Python: sort function breaks in the presence of nan
The problem is that there's no correct order if the list
contains a NAN
, since a sequence a1, a2, a3, ..., an
is sorted if a1 <= a2 <= a3 <= ... <= an
. If any of these a values is a NAN
then the sorted property breaks, since for all a, a <= NAN and NAN <= a
are both false
.
I'm not sure about the bug, but the workaround may be the following:
sorted(
(2, 1, float('nan')),
lambda x,y: x is float('nan') and -1
or (y is float('nan') and 1
or cmp(x,y)))
which results in:
('nan', 1, 2)
Or remove nan
s before sorting or anything else.
The previous answers are useful, but perhaps not clear regarding the root of the problem.
In any language, sort applies a given ordering, defined by a comparison function or in some other way, over the domain of the input values. For example, less-than, a.k.a. operator <,
could be used throughout if and only if less than defines a suitable ordering over the input values.
But this is specifically NOT true for floating point values and less-than:
"NaN is unordered: it is not equal to, greater than, or less than anything, including itself." (Clear prose from GNU C manual, but applies to all modern IEEE754
based floating point)
So the possible solutions are:
- remove the NaNs first, making the input domain well defined via < (or the other sorting function being used)

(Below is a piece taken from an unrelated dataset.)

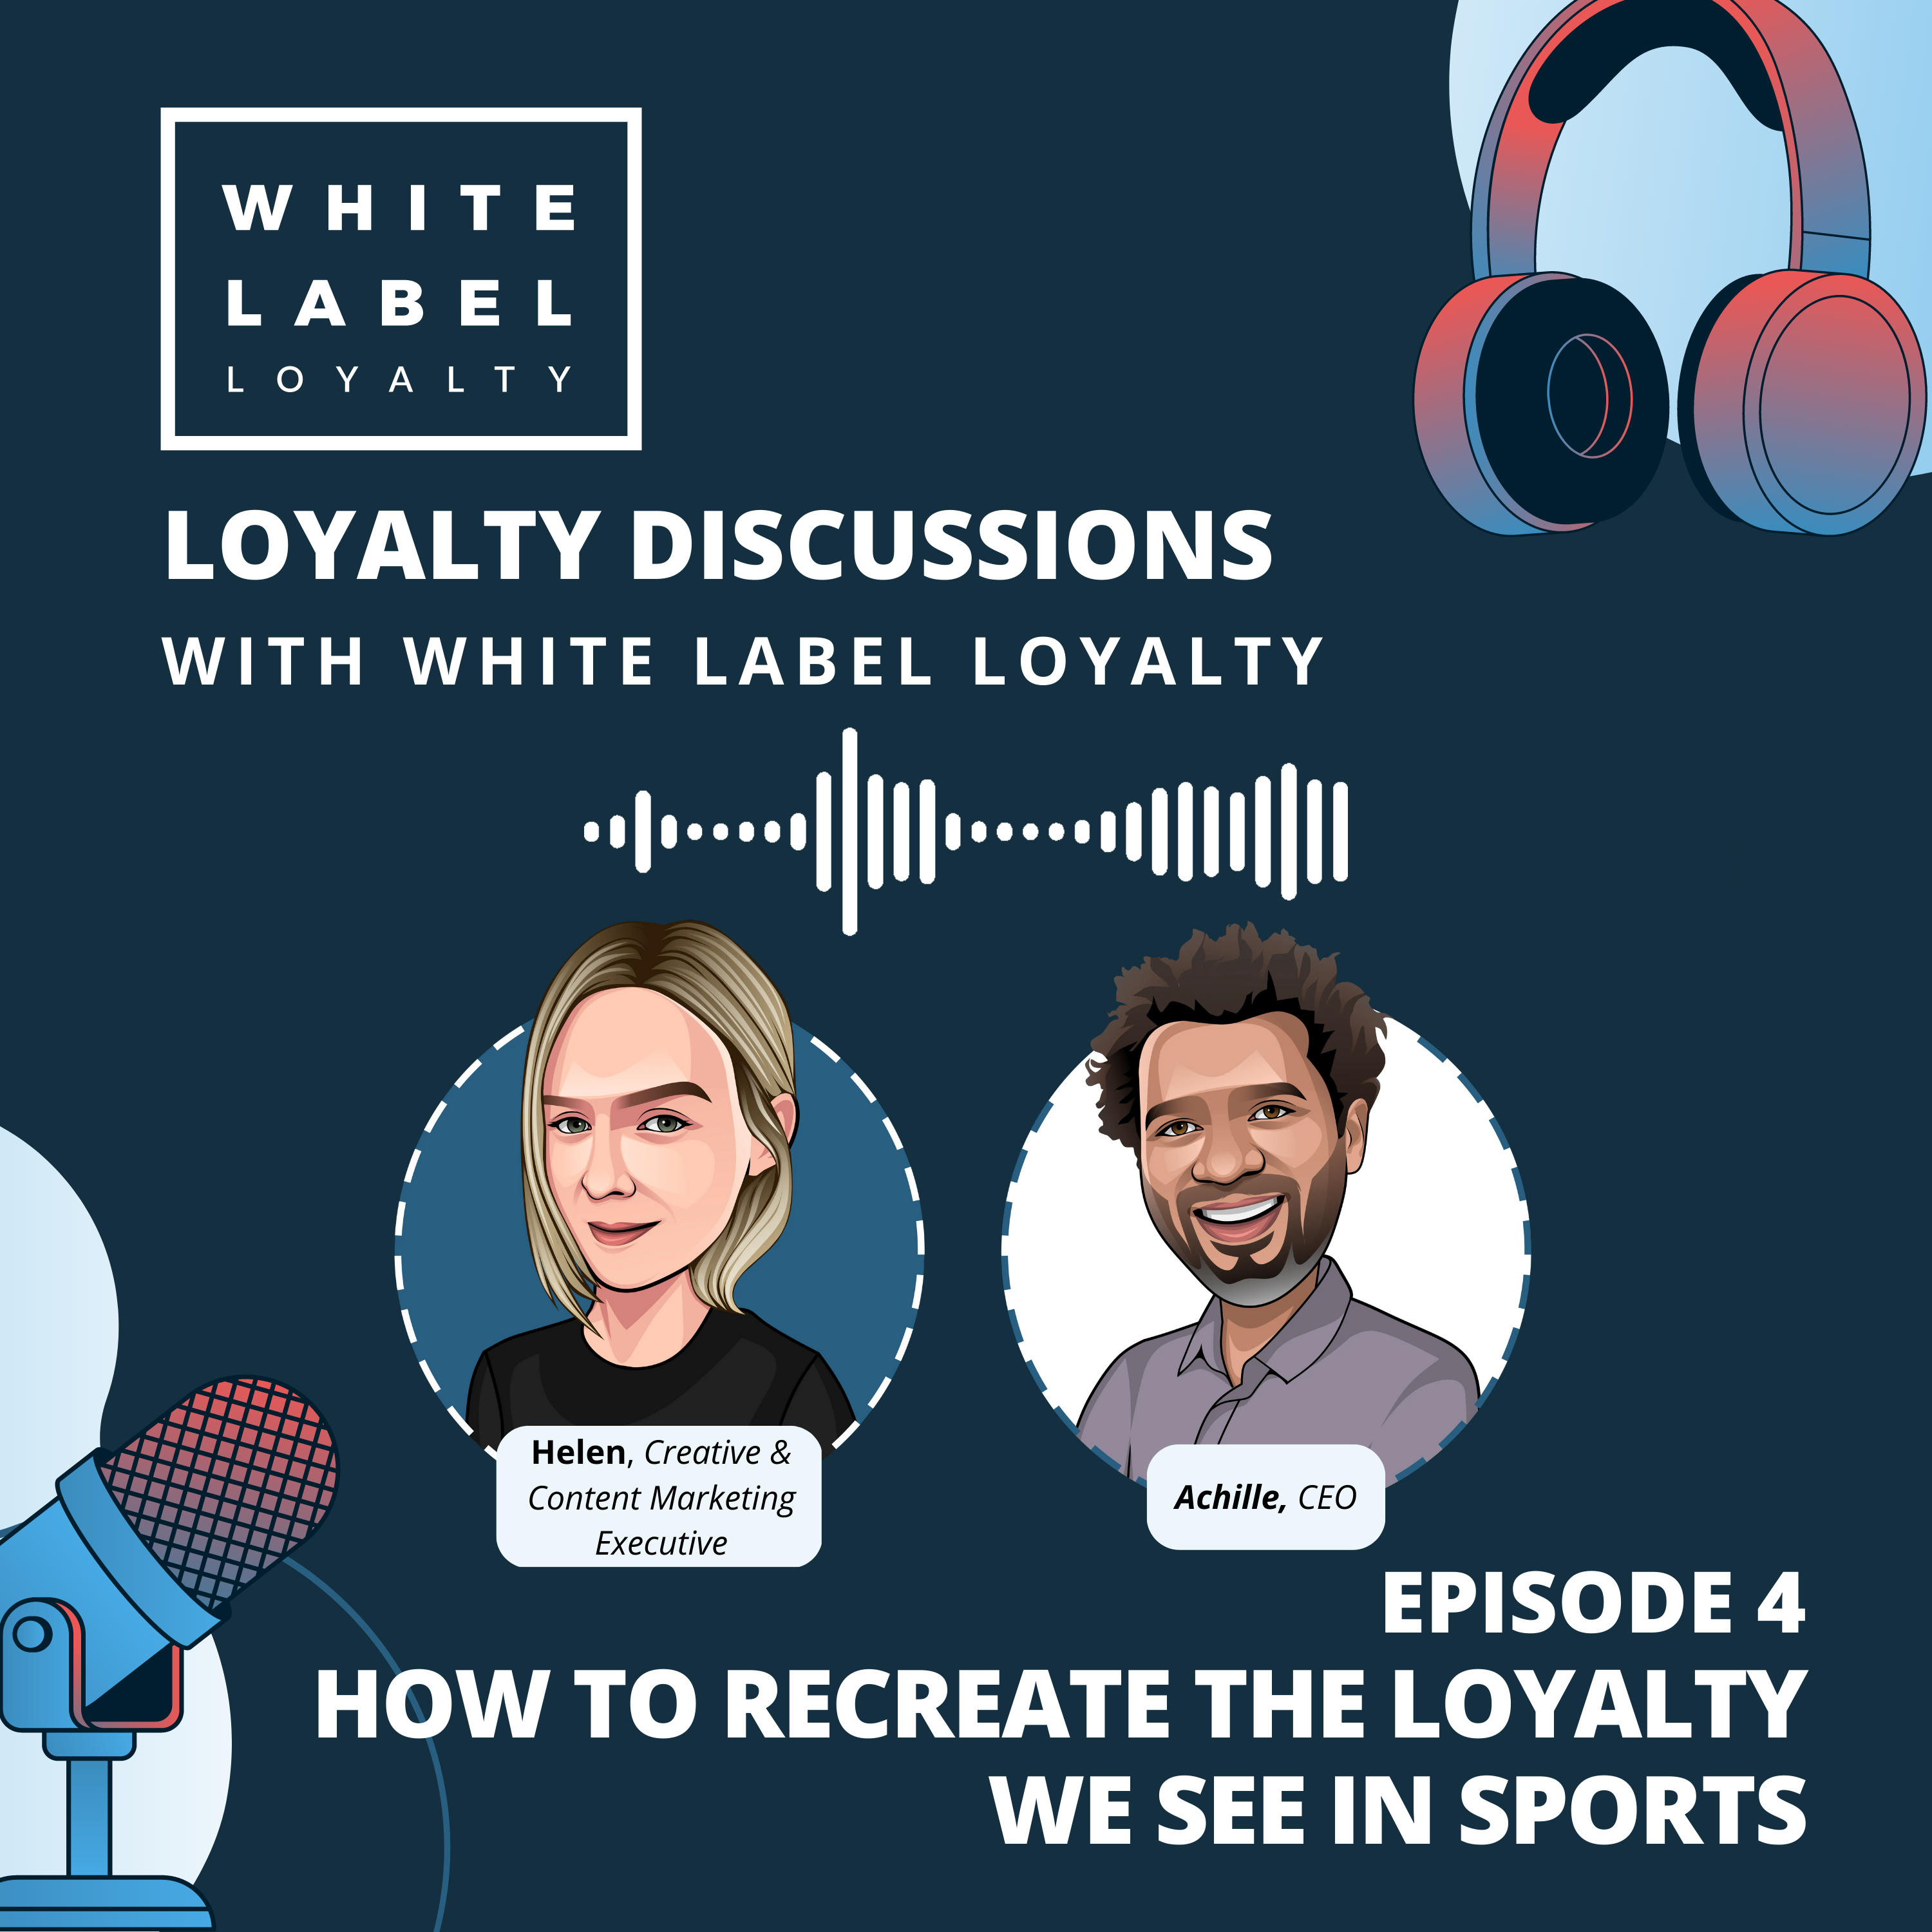 Loyalty in Sports: An interview with Achille Traore, CEO of White Label Loyalty

- define a custom comparison function (a.k.a. predicate) that does define an ordering for NaN, such as less than any number, or greater than any number.
Either approach can be used, in any language.

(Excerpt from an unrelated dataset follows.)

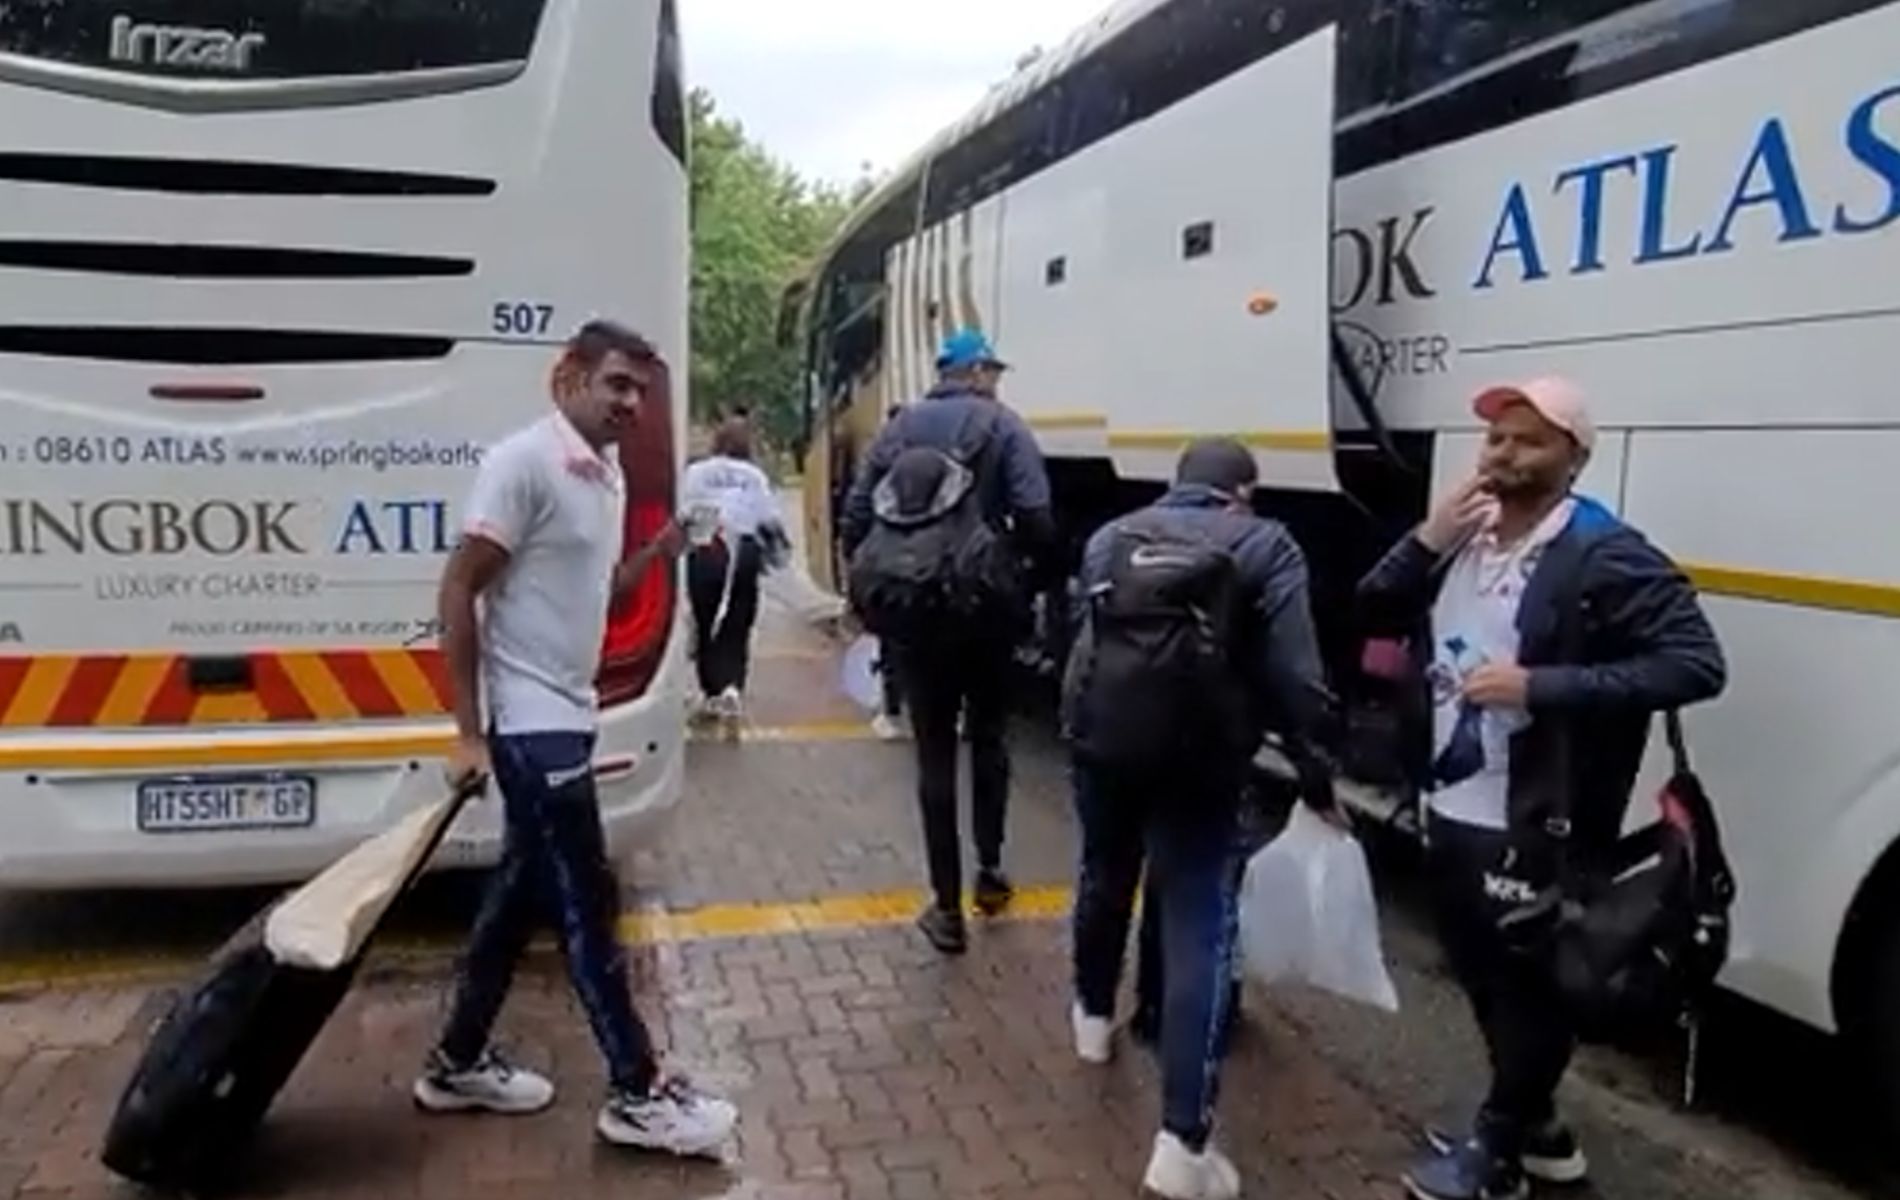 India landed in Cape Town today ahead of the third Test against South Africa.

Practically, considering python, I would prefer to remove the NaNs if you either don't care much about fastest performance or if removing NaNs is a desired behavior in context.
Otherwise you could use a suitable predicate function via "cmp" in older python versions, or via this and functools.cmp_to_key()
. The latter is a bit more awkward, naturally, than removing the NaNs first. And care will be required to avoid worse performance, when defining this predicate function.
Assuming you want to keep the NaNs and order them as the lowest "values", here is a workaround working both with non-unique nan, unique numpy nan, numerical and non numerical objects:
def is_nan(x):
return (x is np.nan or x != x)
list_ = [2, float('nan'), 'z', 1, 'a', np.nan, 4, float('nan')]
sorted(list_, key = lambda x : float('-inf') if is_nan(x) else x)
# [nan, nan, nan, 1, 2, 4, 'a', 'z']